Because there's no way to have the moon!
That's torture. That's killing me!
There is, like a storm!
Talk stammer!
The only exit of the soul!
Isn't this fucking sick?
No imagination!
No curiosity!
Nothing!
It's like it never existed!
Another world is happening!
Fate?
And struggle?
Nothing!
It's over!
You don't even have a name or moon that's been orbiting the universe. If you do everything in your power, you won't even scream for help, and you won't hear it, and you won't hear it.
Imagine the moon, the unbridled flying, the people of the moon, who have never had the power to imagine the people of this story, who want to knock on the sound of retreat, always the story of others, always the voice of others, always the door open, full of the roaring from the floor.
Is that a problem?
No! No!
Is that a problem?
No! No!
Says no one can understand.
Says no one can understand.
Says no one can understand.
There, the moon, the moon is me.
I'll choose my presence.
No one can ever pull me out!
She's my moon.
I'm obsessed with her.
Make me one.
Her yellow hair.
Click on the poster to learn more
It's Pofilia's first performance.
Time: 27 August 1930
Location: Beijing, Beijing
(Notify specific location after purchase)
Number of viewers: only 10
Tickets: $300
Registration, consultation: 2D below, please.
That day will be an absolutely unique experience in which the theatre will submersible submarines, leading us into the deep sea, to the heart of a man who has not dared to look back and that which has long been sealed.
Pofilia will tear a layer of lost shell with sweet milk and sharp claws. And that hole, we have to look at it.

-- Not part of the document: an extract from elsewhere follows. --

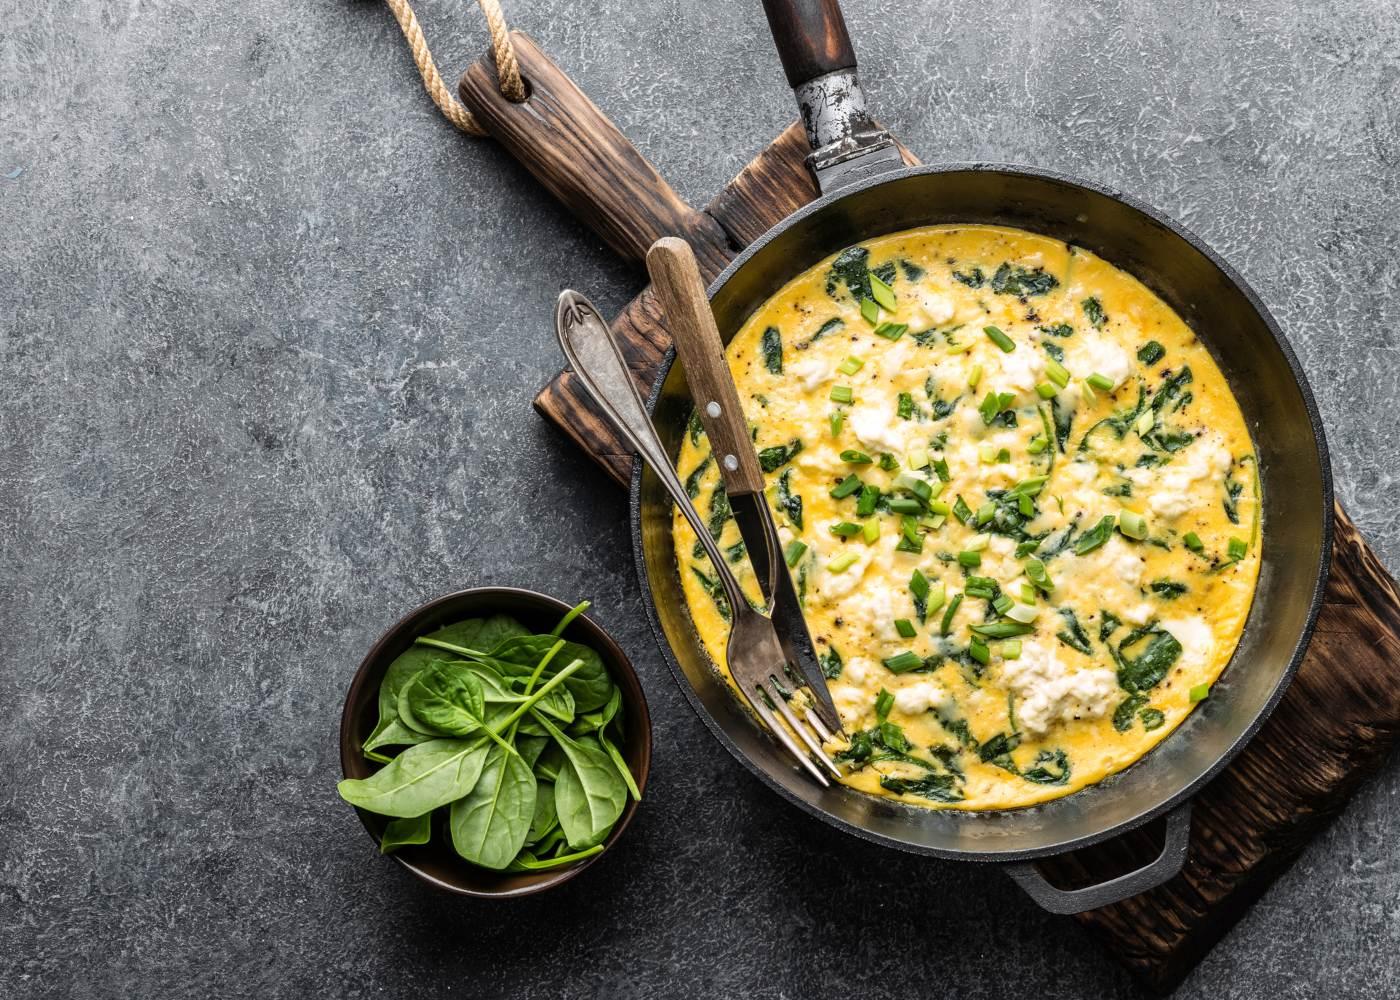 omelete fiambre e espargos

This rehearsal and production can be described as the most difficult and long one in P4 Theater's history, having undergone numerous revision and dialectic campaigns, and after a great deal of criticism and constant hammering, the first public performance will be brought together by four people, Huang Mon, Quixin, and He Fa.

In the course of the theatre campaign, we also wish to thank our friends, who have devoted so much effort to this endeavour: Xie Yi Peng, Wu Xuan, Guo Xing, Zhang Joo Lin, Zhao Xuan, Zhang Xiaoqian, Cao Jianxong, Chu Zhouxi, Yang Yunxai, Wang Xianjiang, Kang Hai Jing, Zong Zun, Xu Jinjiang, Shi Jia Tin, Zhang Sook-ting, Sun Xiaoxing, etc.

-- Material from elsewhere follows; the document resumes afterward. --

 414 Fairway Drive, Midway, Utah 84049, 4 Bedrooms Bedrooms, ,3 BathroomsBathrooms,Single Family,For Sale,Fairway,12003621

The article was made by the actors who participated in the show, who threw all the frustrations, pains, tortures and failures they had encountered during the rehearsals, all of which they could never have imagined. And of course, these lines are just a quote, and the final appearance must be felt on the spot. Let's see the weight of their lives they sacrificed for the play.
It's not an easy adventure. The stakes are already high. Soho's courage is on the 27th!